Немцы кричали час начала войны
…Владимир Львов родился в Оренбурге в интеллигентной семье: один дедушка был преподавателем, другой, так же, как и отец Володи, работал доктором. Сам Владимир с детства мечтал стать астрономом, и при поступлении в Саратовский университет на его работе профессора написали: «исключительная подготовленность». Но Львова не приняли - он не был рабоче-крестьянского происхождения. Тогда юноша поехал в Ленинград, закончил Второй мединститут. В марте 41-го его как врача призвали в армию. Владимир попал в 259-й саперный батальон. Часть была расположена под литовским городом Таураге на берегу Немана: с этой стороны наши, с той - немцы.

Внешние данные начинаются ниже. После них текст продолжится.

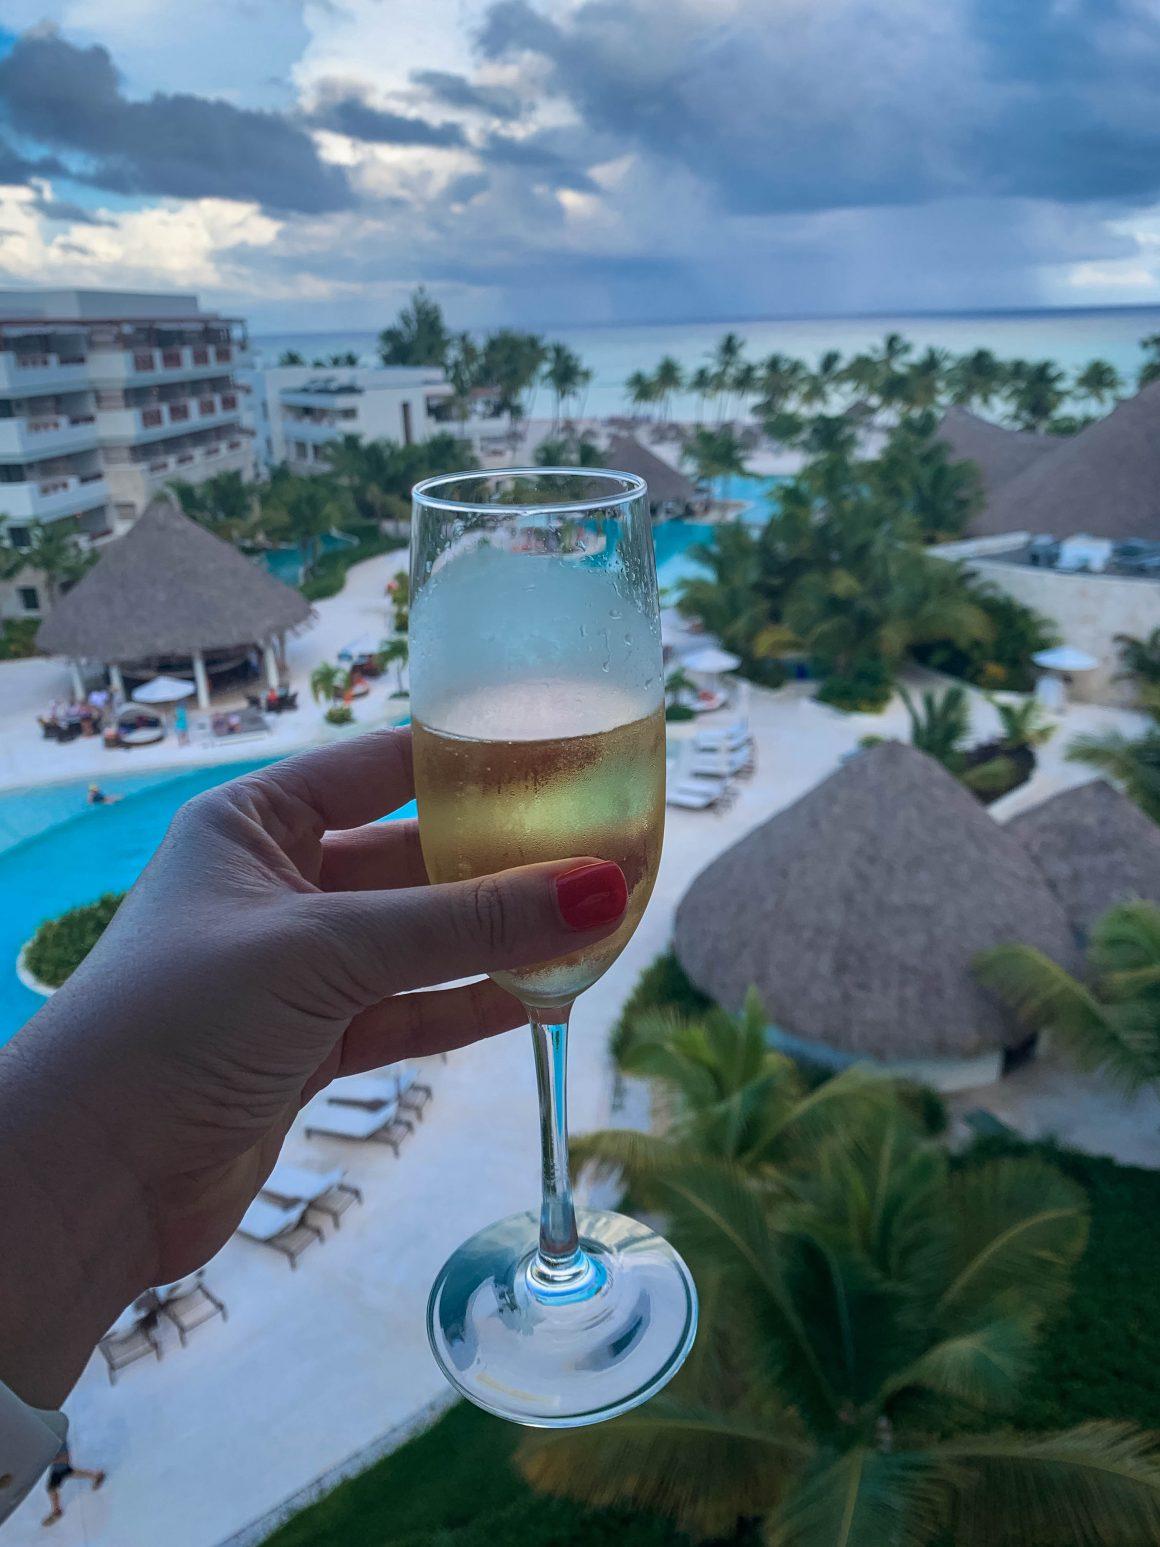 Taking a Break in Punta Cana

- И они кричали оттуда день и час, когда начнется война, издевались, ругались по-русски, - вспоминает Елена Иосифовна. - Первый снаряд разорвался у стен санчасти. Наши войска стали отступать, все это велось в спешке и неогранизованно. А так как Володя очень хорошо знал звездное небо, то он стал одним из организаторов движения. Наши отступающие войска несли колоссальные потери, но те остатки армии, где был Володя, хоть они и находились в окружении, шли беспрепятственно и без потерь. Шли лесами, ночами. Вокруг везде были немцы, но в леса они не совались.
- Что это была за армия?
- Кто знает? Уже всякая. Это был хаос: бесчисленное количество людей, которые бежали от немцев. Не только военные, но и мирные жители, которые видели эту колонну и к ней присоединялись. Ленинград был в блокаде с начала сентября, а они к нему вышли в конце месяца. Линию фронта переходили под Детским селом. И когда они подошли к этому рубежу - тут окопы немцев, там наши - то уже шли в полный рост. Конечно, по ним стреляли, и были убитые и раненые, но люди знали, что они на подходе к своим. Володе было тогда 33 года, но в Ленинград он пришел совсем седым, такая колоссальная была на нем ответственность. И здесь он сразу стал работать в 54-м эвакогоспитале (потом 991-м) Ленинградского фронта. Он был расположен в одной из школ, тогда во всех питерских школах были госпитали. Очень скоро он стал работать хирургом, но сначала его определили в лабораторию.
Голод и любовь
- Меня, 19-летнюю дурочку, закончившую 9-месячные медицинские курсы, тогда как раз назначили старшей сестрой, хотя там и пожилые дамы были. У меня, как и у всех, были тяжелые кирзовые сапоги, но я не могла ходить, шаркая ими, как некоторые. Я с детства любила балет, и у меня была красивая походка, даже звук шагов у меня отличался от других. И когда я подходила к лаборатории, Володя всегда прятался - смущался, так что я еще долго не была с ним знакома. И только потом узнала отчего, когда я захожу в лабораторию, все улыбаются. Потом наши войска стали потихонечку наступать, и мы с госпиталем двигались с ними.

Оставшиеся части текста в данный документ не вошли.